At Salon, Sarah Gray offers “10 amazing videos that show how humor can make a difference,”
Climate change, vaccination and evolution — each of these are things that the scientific establishment overwhelmingly agrees on. But the anti-intellectual fury of climate deniers, anti-vaxxers and creationists is such that any empirical consensus gets overshadowed.
I have a literary interest in the further development of satire. Perhaps the Salon writer is underselling the comedians by her presentation. Sorry, but people who can be funny aren’t in this kind of a dudgeon.
Humour is the cosmic banana peel. So the first law of humour is that dudgeon turns the comedian into the butt of the joke. Gray does not, for that matter, come off as a person who would know a joke if she heard one.
For better or worse, comedy has emerged as one of the most visible platforms for laying bare the insanity of anti-science reactionaries. Jon Stewart and his “Daily Show” correspondents, for example, have been scrutinizing such people for years, while John Oliver has emerged in recent months as a veritable pro-science powerhouse. Stephen Colbert has interviewed Neil deGrasse Tyson at least 10 times!
Ten times? Stewart should make the man his co-host. One wonders if he often features people who disagree with Tyson.
There’s never been a shortage of qualified experts to debunk anti-science, but few have generated the kind of heat that comedians have of late. Perhaps is the viral-friendly nature of social media, or the intrinsic advantage that satire enjoys over the cut-and-dried recitation of facts. Whatever the case, let’s take a lesson from these witty minds. Below are 10 sterling examples of comedy as an antidote to science-denialism. More.

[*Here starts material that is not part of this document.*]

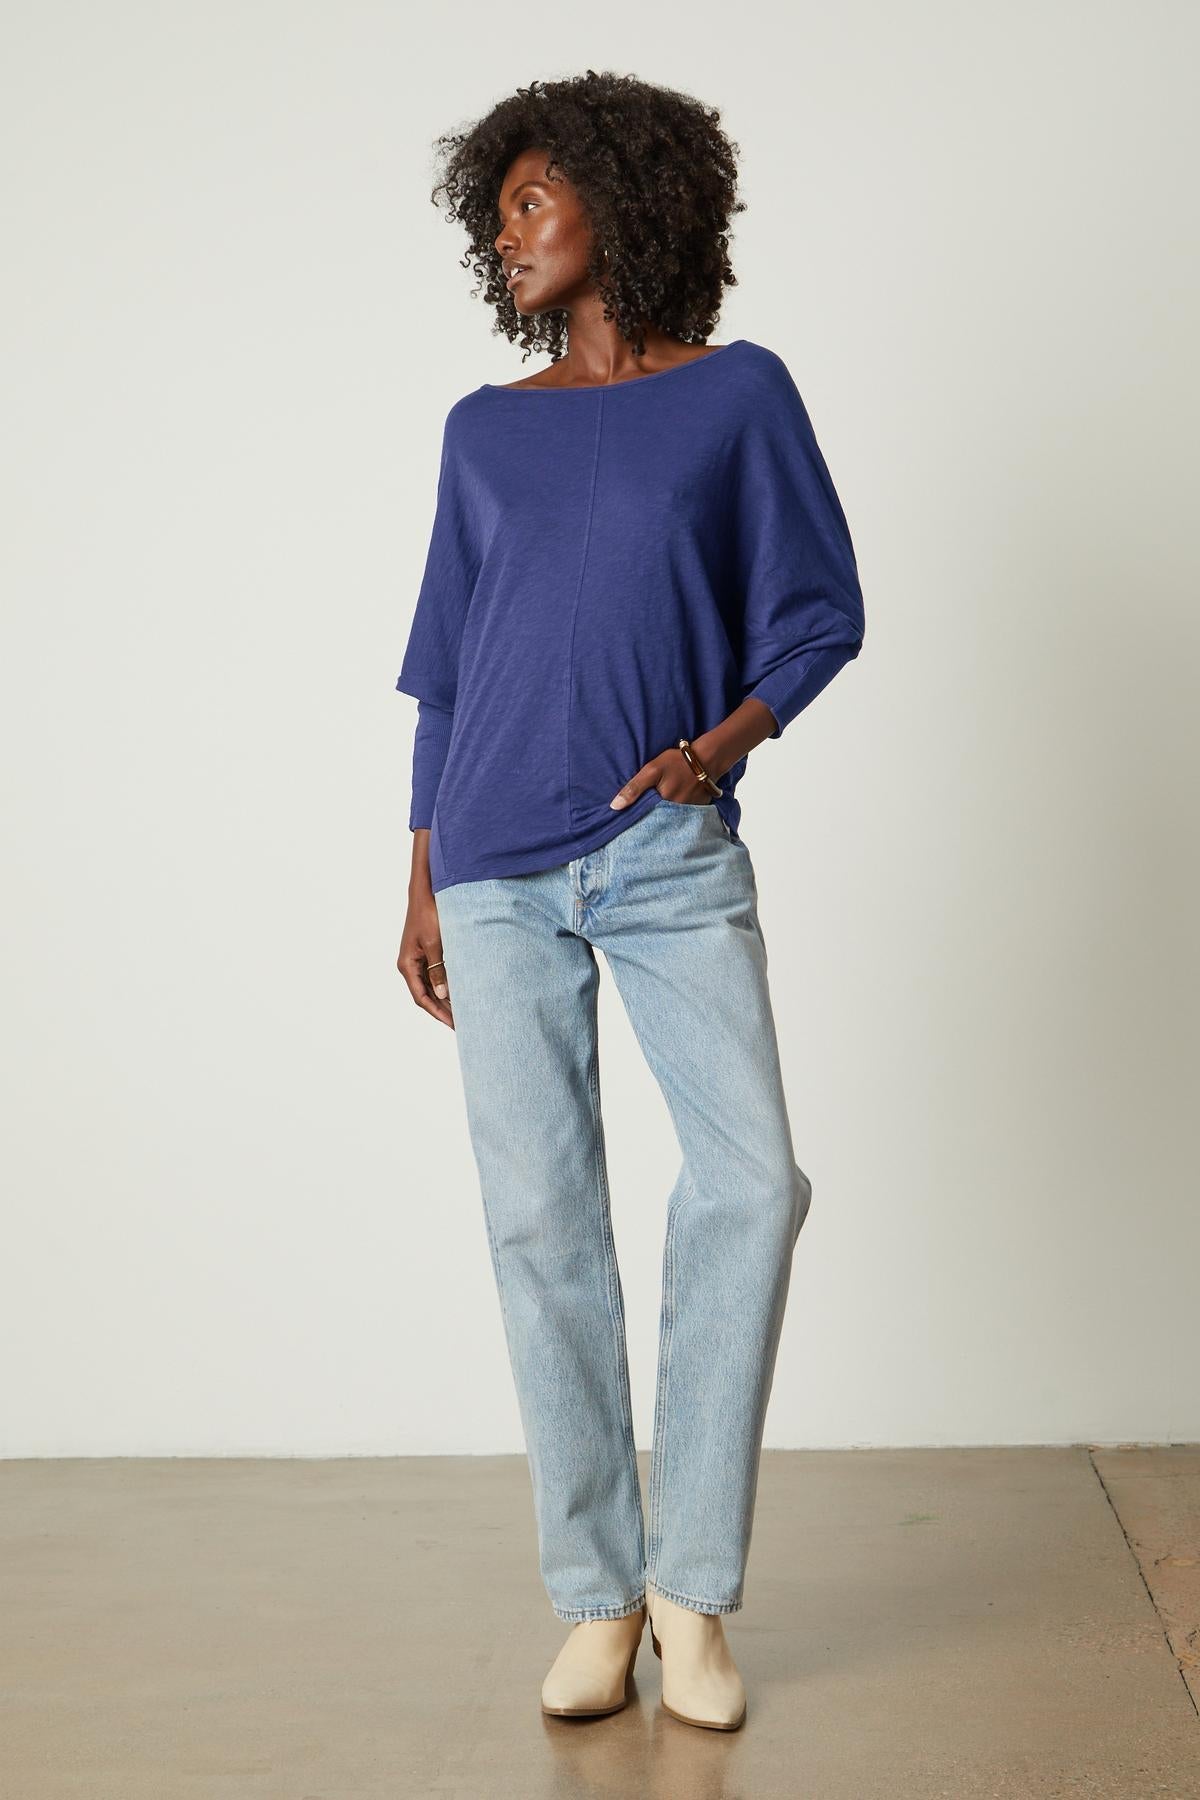 The model is wearing Velvet by Graham & Spencer jeans and a blue sweater.-35206719307969

Gray offers no evidence that comedians have generated a lot of heat in these areas, though perhaps they have.
A potent satire demands that the satirist correctly understand the position he is sending up. If he despises his opponents too much to learn what they are actually saying, he would be wise to pick another topic. Otherwise, his audience may just as well be rows of mirrors. Some comics like that kind of audience, but if they are cause-oriented, they can forget reaching folk who are not already convinced. And then they are puzzled and angry when, year by year, most polls disappoint them.